NCPA - National Center for Policy Analysis


September 16, 2008

Mark to market accounting, which forces firms to revalue their assets to current market values even when the market is frozen or dysfunctional, and even when the assets could be held to maturity and redeemed at face value, could be the prime suspect in the downward spiral of our credit markets, says Bob McTeer, a distinguished fellow with the National Center for Policy Analysis.

For example, if a bank loan goes into default, it makes sense to write it off the books.  However, if a security trades lower because market interest rates have risen or because of problems in the market itself, requiring an immediate write-down is unduly harsh, continues McTeer. 

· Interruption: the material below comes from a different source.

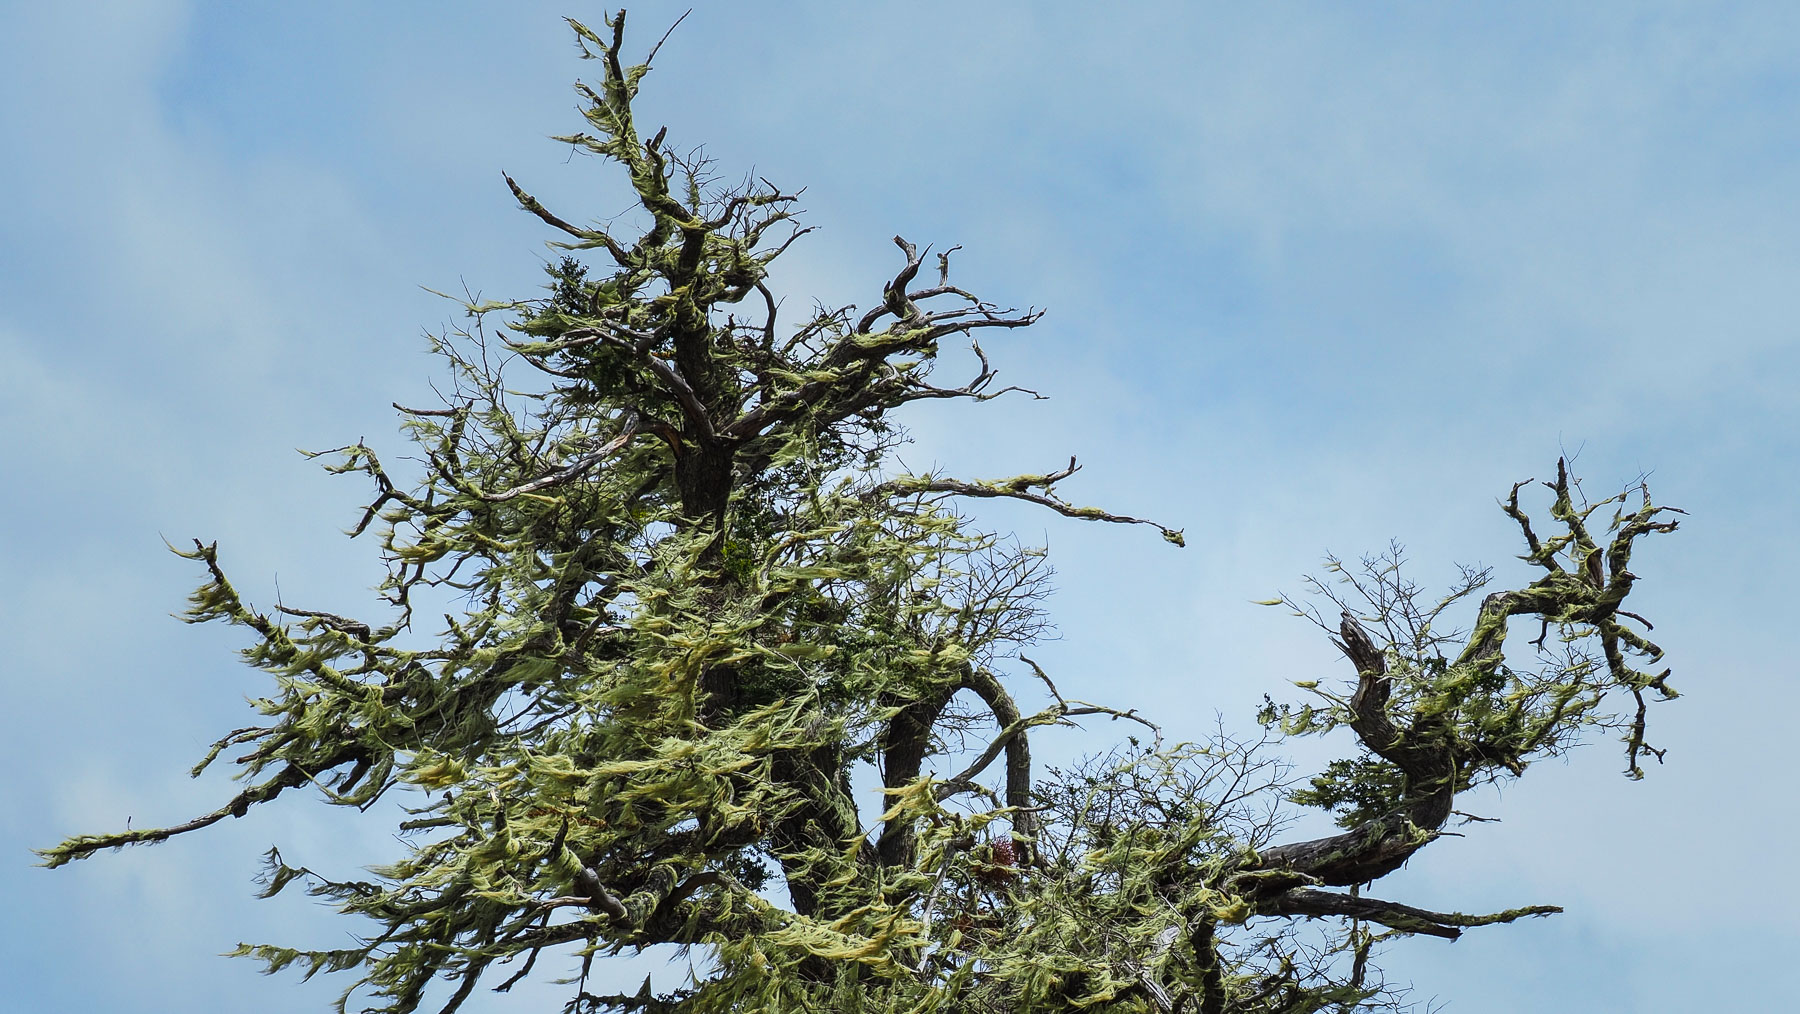 Den mit Flechten überwucherten Bäumen sieht man das harte Klima an

Since capital is usually, and legitimately, a small percentage of assets, it can easily go to zero and a perfectly sound institution can be declared insolvent and taken over by its insurer or some other government agencies:

  • "Prompt corrective action" also makes the matter worse by allowing the authorities to pull the trigger before capital reaches zero.
  • Its purpose is to reduce the cost of "resolving" (taking over) troubled institutions, but what it amounts to is shooting the sick and wounded to expedite the burial.
  • Efficiency and cost effectiveness trumps fairness.
  • Mark to market rules and strict ratings may be appropriate (though unfair) in the good times as a means of preparing institutions for the bad times, but that doesn't mean they should be rigidly applied or even tightened up during the bad times.

However, critics of some mild regulatory forbearance will no doubt cite transparency as essential, but the two can go together, says McTeer.

It is time for common sense to come before accounting purity and cut our losses.  It's one thing to become a victim of a bad loan or a bad company.  It's quite another thing to become a victim of unnecessarily strict accounting rules, concludes McTeer.